Your objective:
Omit the images, then repeat the listing exactly.

Given data:

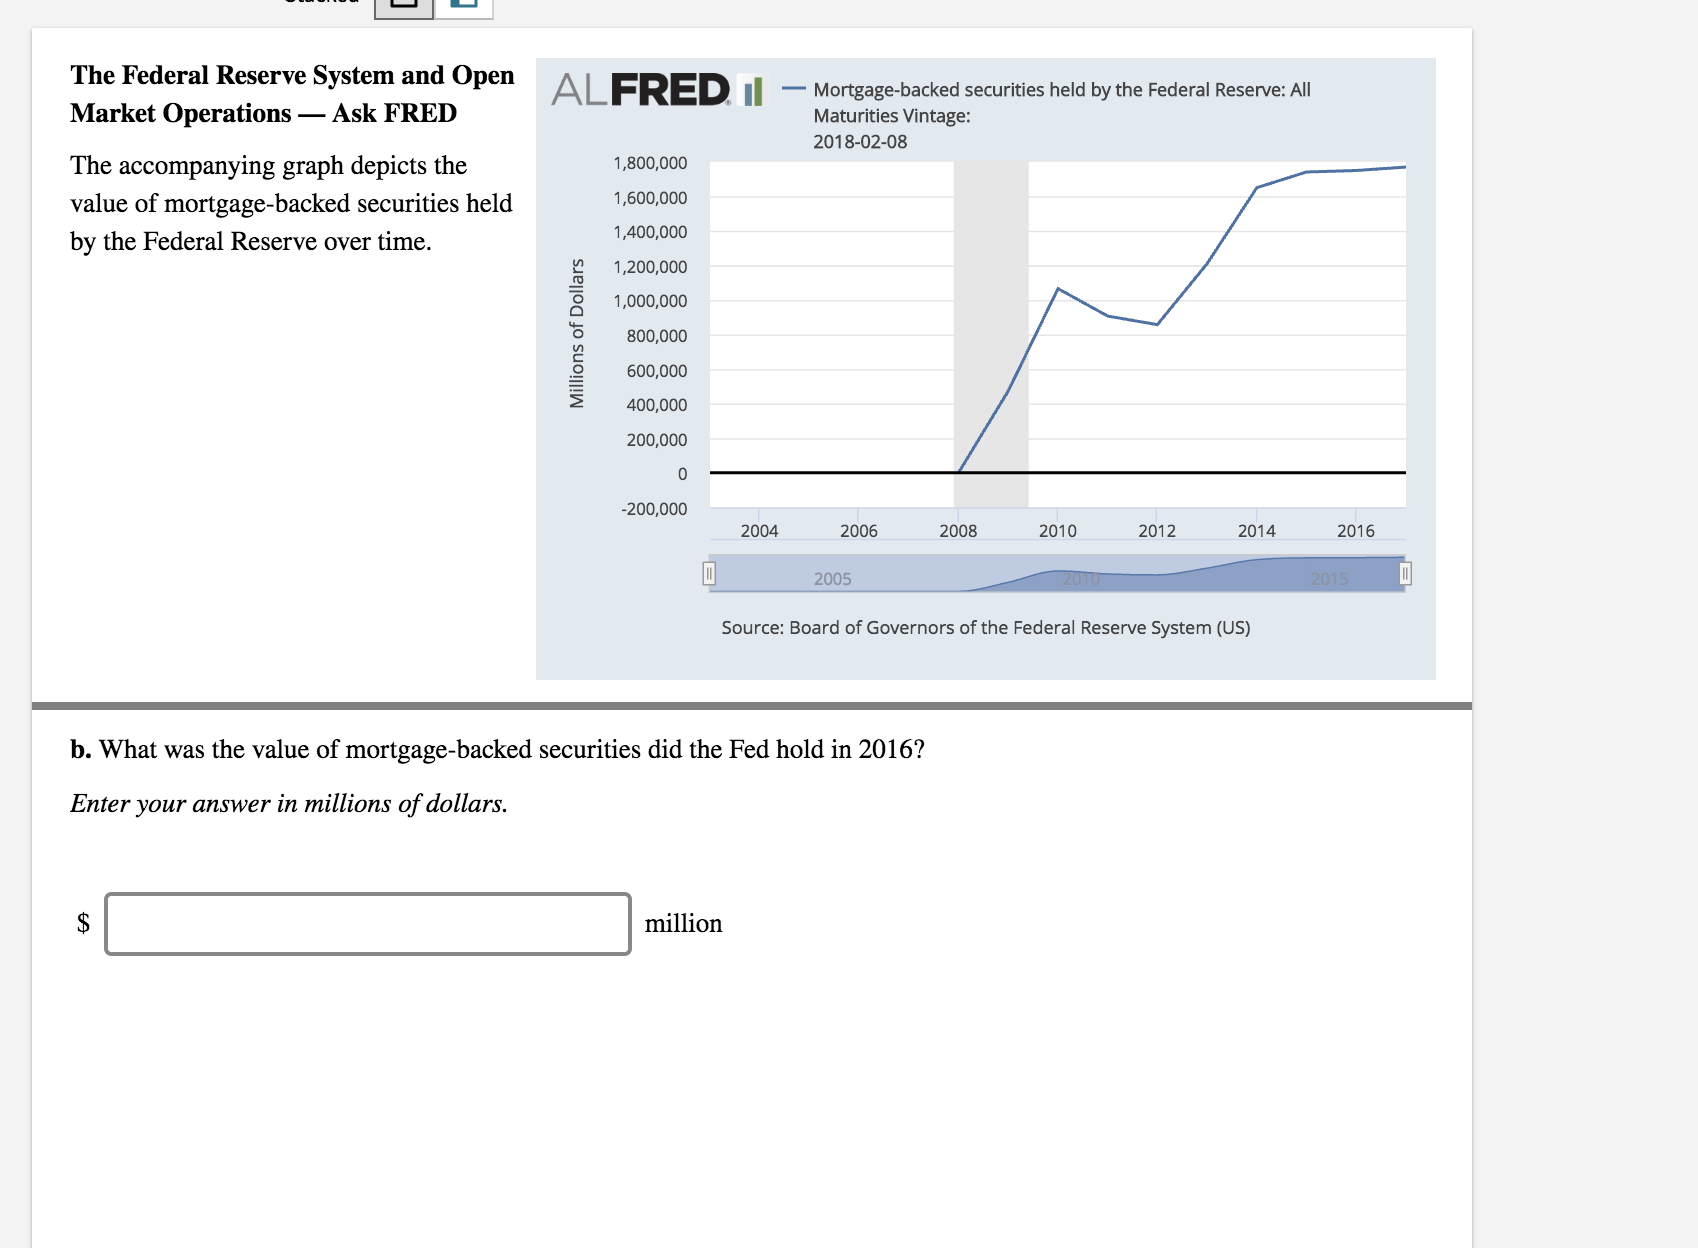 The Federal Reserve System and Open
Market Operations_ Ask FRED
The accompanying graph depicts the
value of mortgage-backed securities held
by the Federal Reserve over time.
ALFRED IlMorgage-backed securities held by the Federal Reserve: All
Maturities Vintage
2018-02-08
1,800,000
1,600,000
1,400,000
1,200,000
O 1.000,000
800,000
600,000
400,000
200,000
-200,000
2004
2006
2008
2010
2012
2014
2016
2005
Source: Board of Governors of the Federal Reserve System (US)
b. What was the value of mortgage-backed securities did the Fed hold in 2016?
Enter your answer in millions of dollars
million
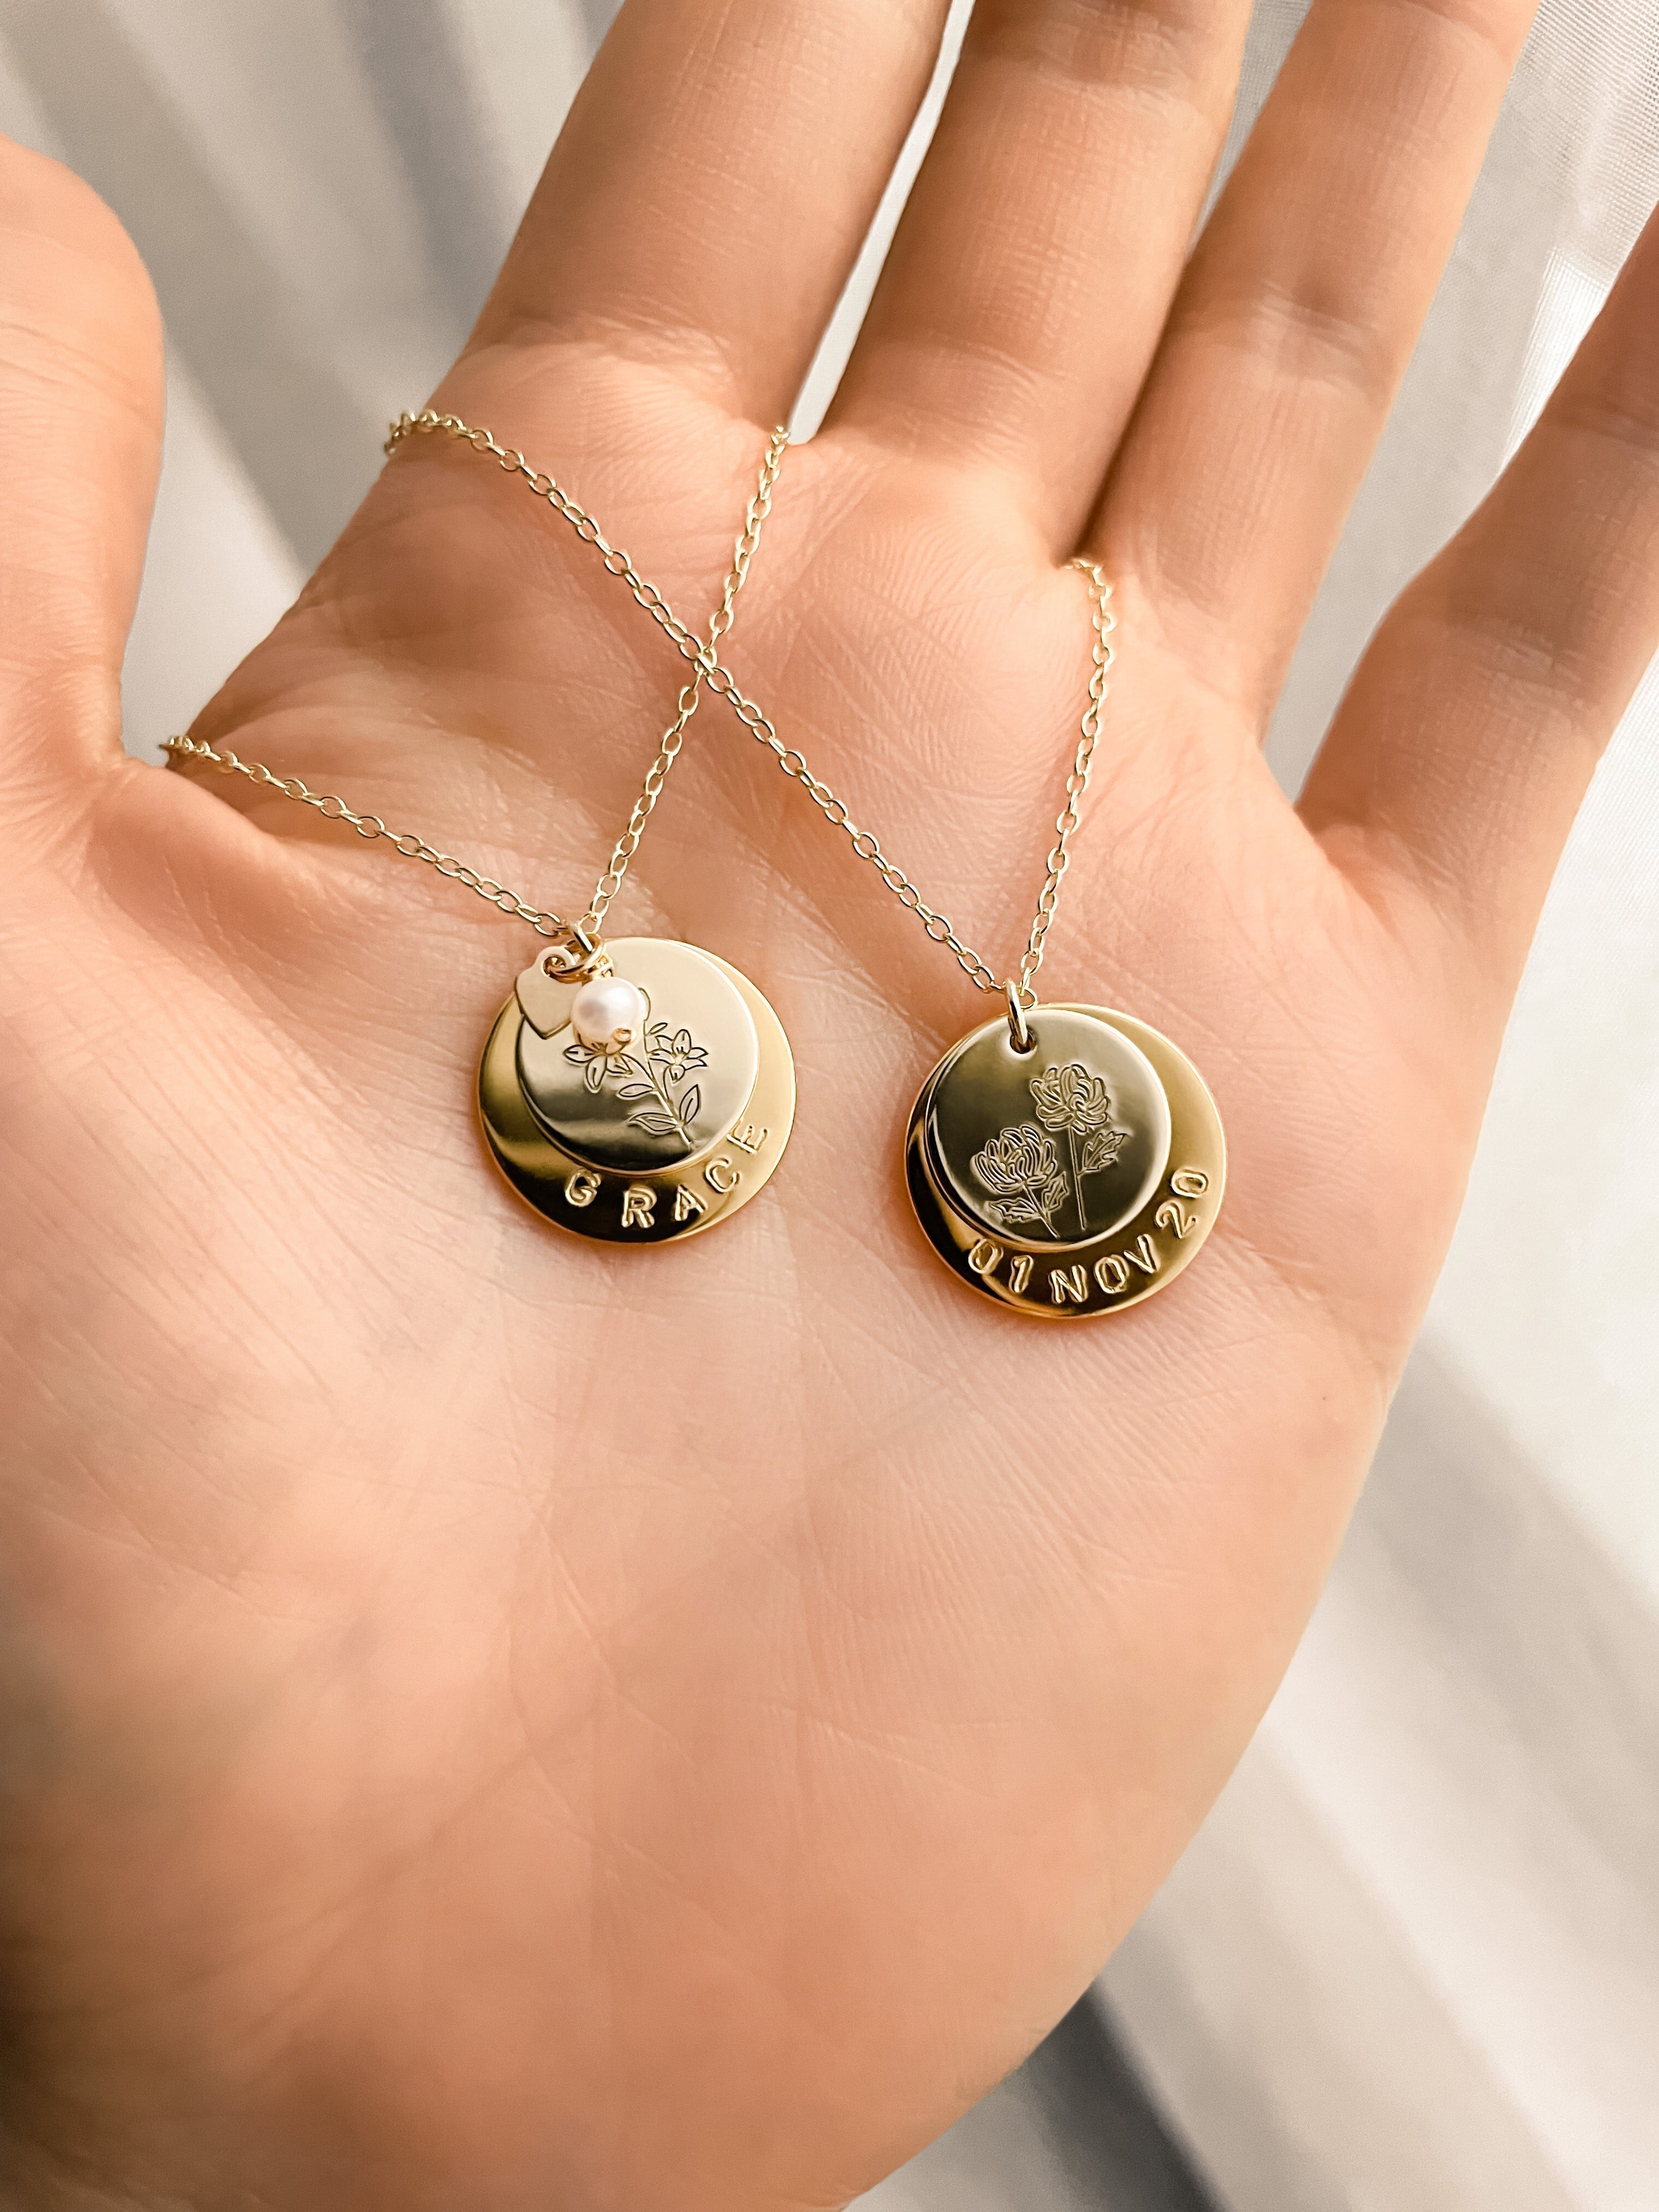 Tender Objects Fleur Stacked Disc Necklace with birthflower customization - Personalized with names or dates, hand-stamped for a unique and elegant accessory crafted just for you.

Response for this exercise:
 The Federal Reserve System and Open
Market Operations_ Ask FRED
The accompanying graph depicts the
value of mortgage-backed securities held
by the Federal Reserve over time.
ALFRED IlMorgage-backed securities held by the Federal Reserve: All
Maturities Vintage
2018-02-08
1,800,000
1,600,000
1,400,000
1,200,000
O 1.000,000
800,000
600,000
400,000
200,000
-200,000
2004
2006
2008
2010
2012
2014
2016
2005
Source: Board of Governors of the Federal Reserve System (US)
b. What was the value of mortgage-backed securities did the Fed hold in 2016?
Enter your answer in millions of dollars
million
 Tender Objects Fleur Stacked Disc Necklace with birthflower customization - Personalized with names or dates, hand-stamped for a unique and elegant accessory crafted just for you.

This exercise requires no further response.